__EXERCISE DIRECTIONS__
Your reply should consist only of the lines from the one holding "Ankur Gattani" to the last line of the data below, written out exactly and without pictures.

__DATA SHOWN__

--- START ---

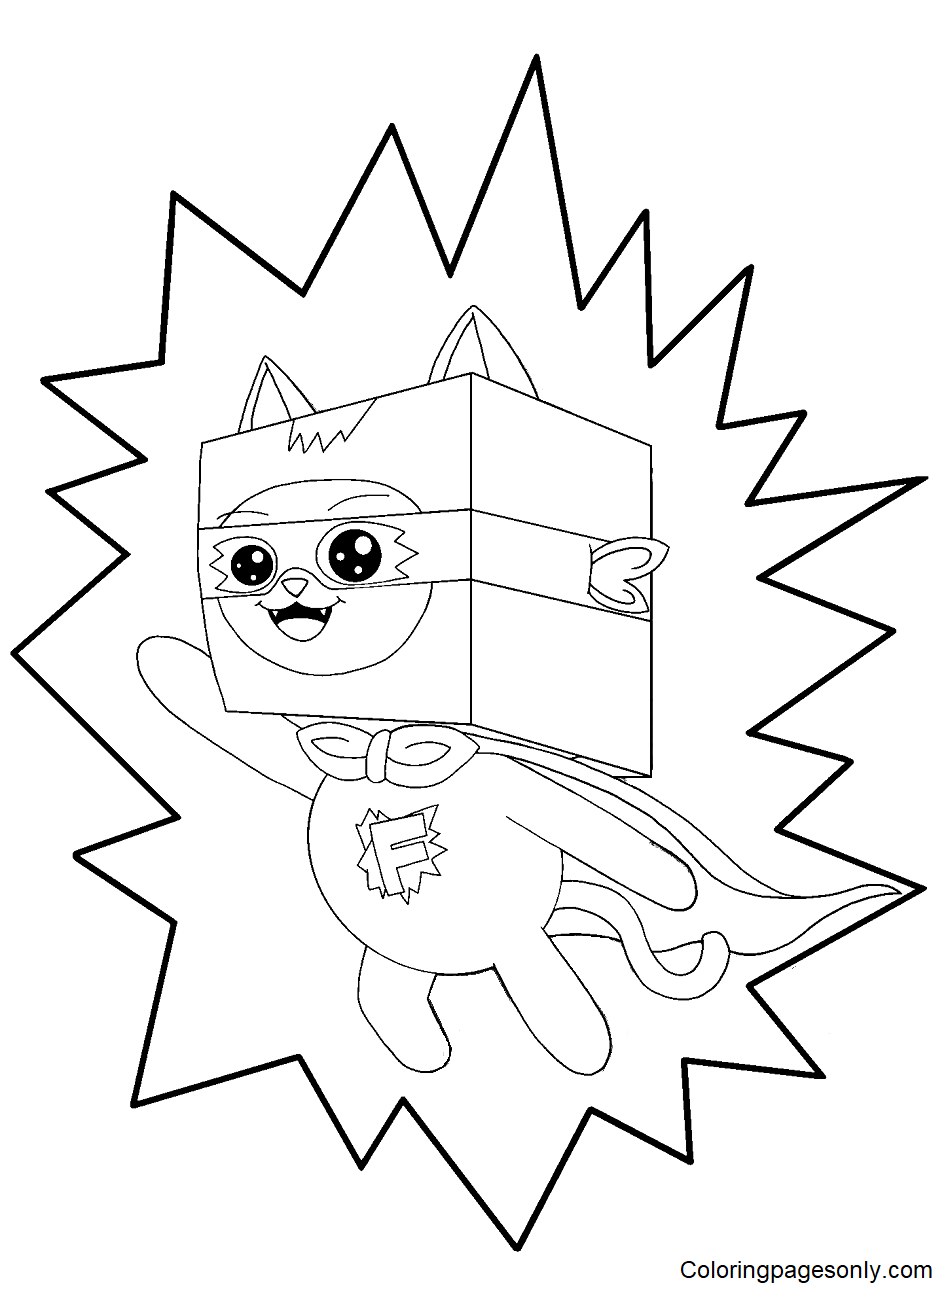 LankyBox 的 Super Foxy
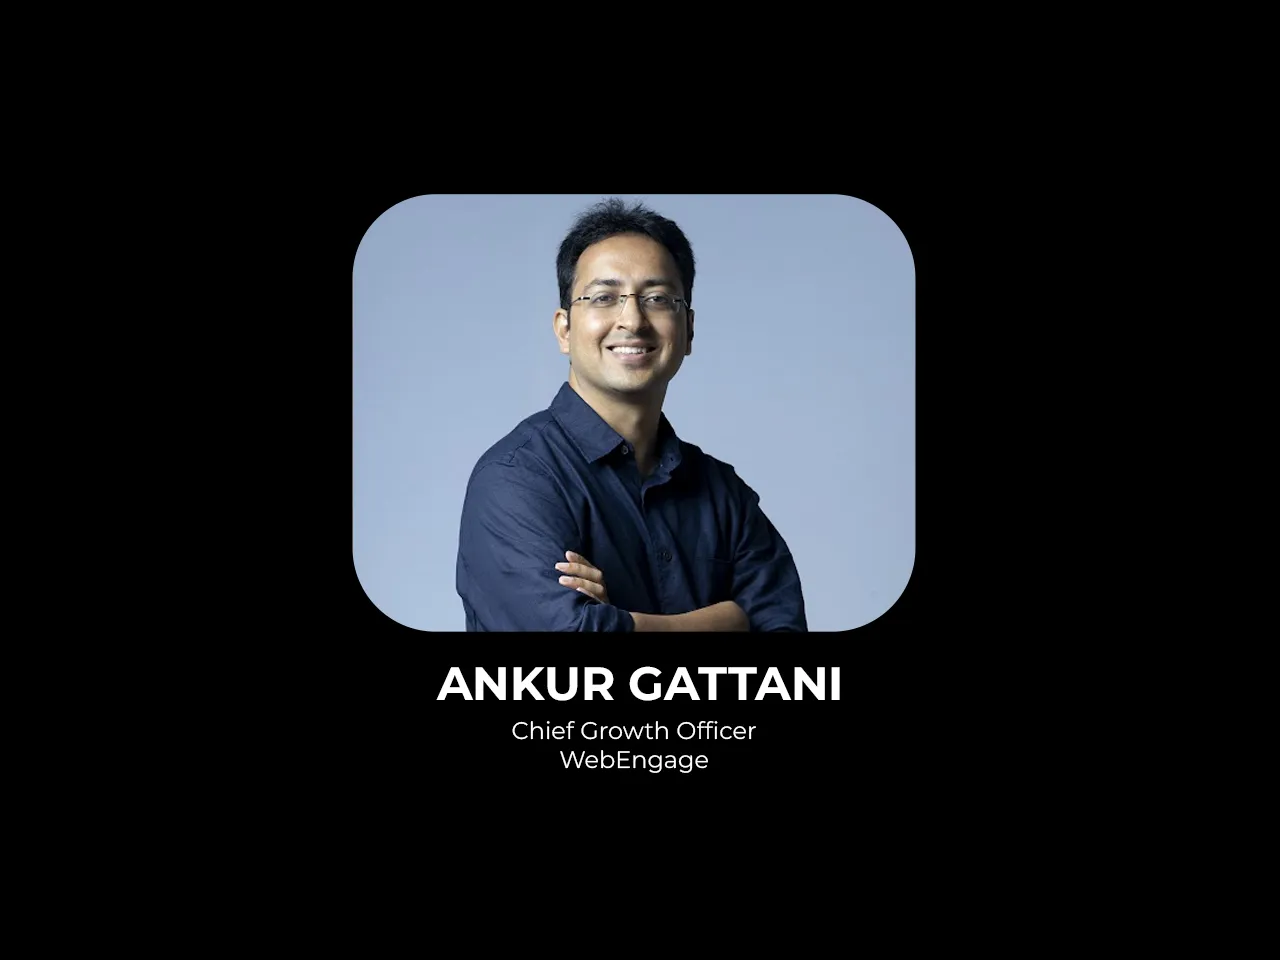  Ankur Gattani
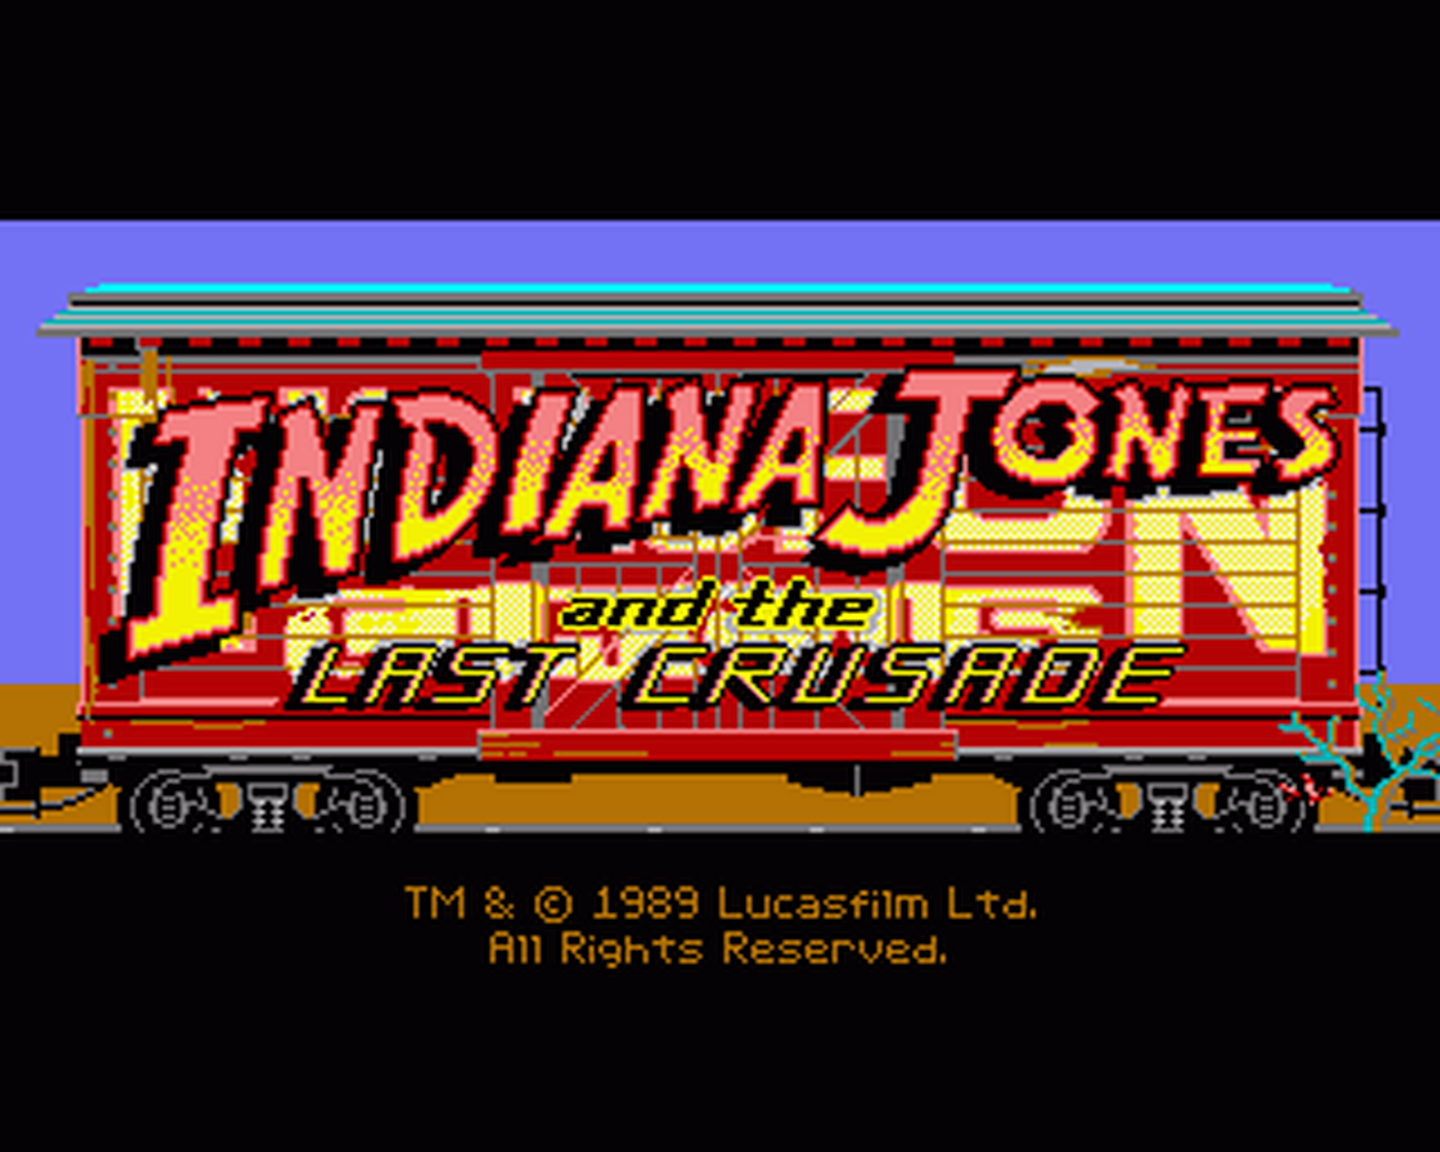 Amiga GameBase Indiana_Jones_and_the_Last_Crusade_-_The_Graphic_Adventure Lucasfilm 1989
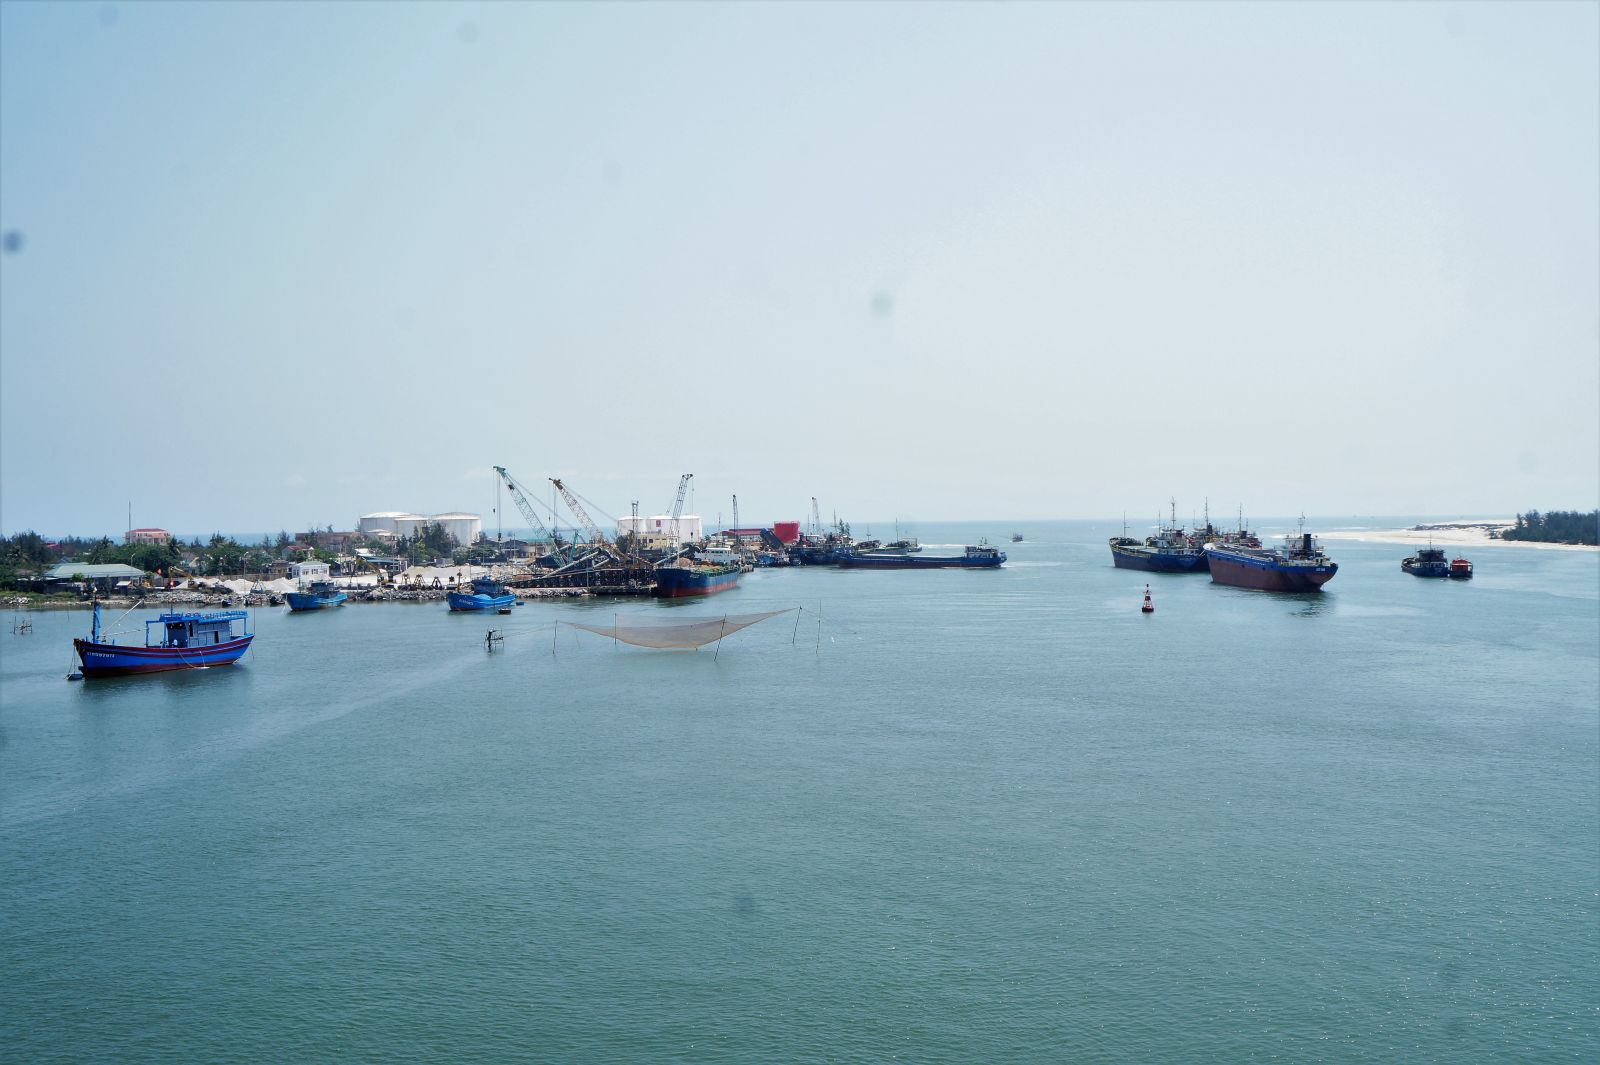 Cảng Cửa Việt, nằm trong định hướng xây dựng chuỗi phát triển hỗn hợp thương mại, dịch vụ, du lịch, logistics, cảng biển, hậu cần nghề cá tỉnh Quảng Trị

--- END ---

__ANSWER BOX__
  Ankur Gattani
 Amiga GameBase Indiana_Jones_and_the_Last_Crusade_-_The_Graphic_Adventure Lucasfilm 1989
 Cảng Cửa Việt, nằm trong định hướng xây dựng chuỗi phát triển hỗn hợp thương mại, dịch vụ, du lịch, logistics, cảng biển, hậu cần nghề cá tỉnh Quảng Trị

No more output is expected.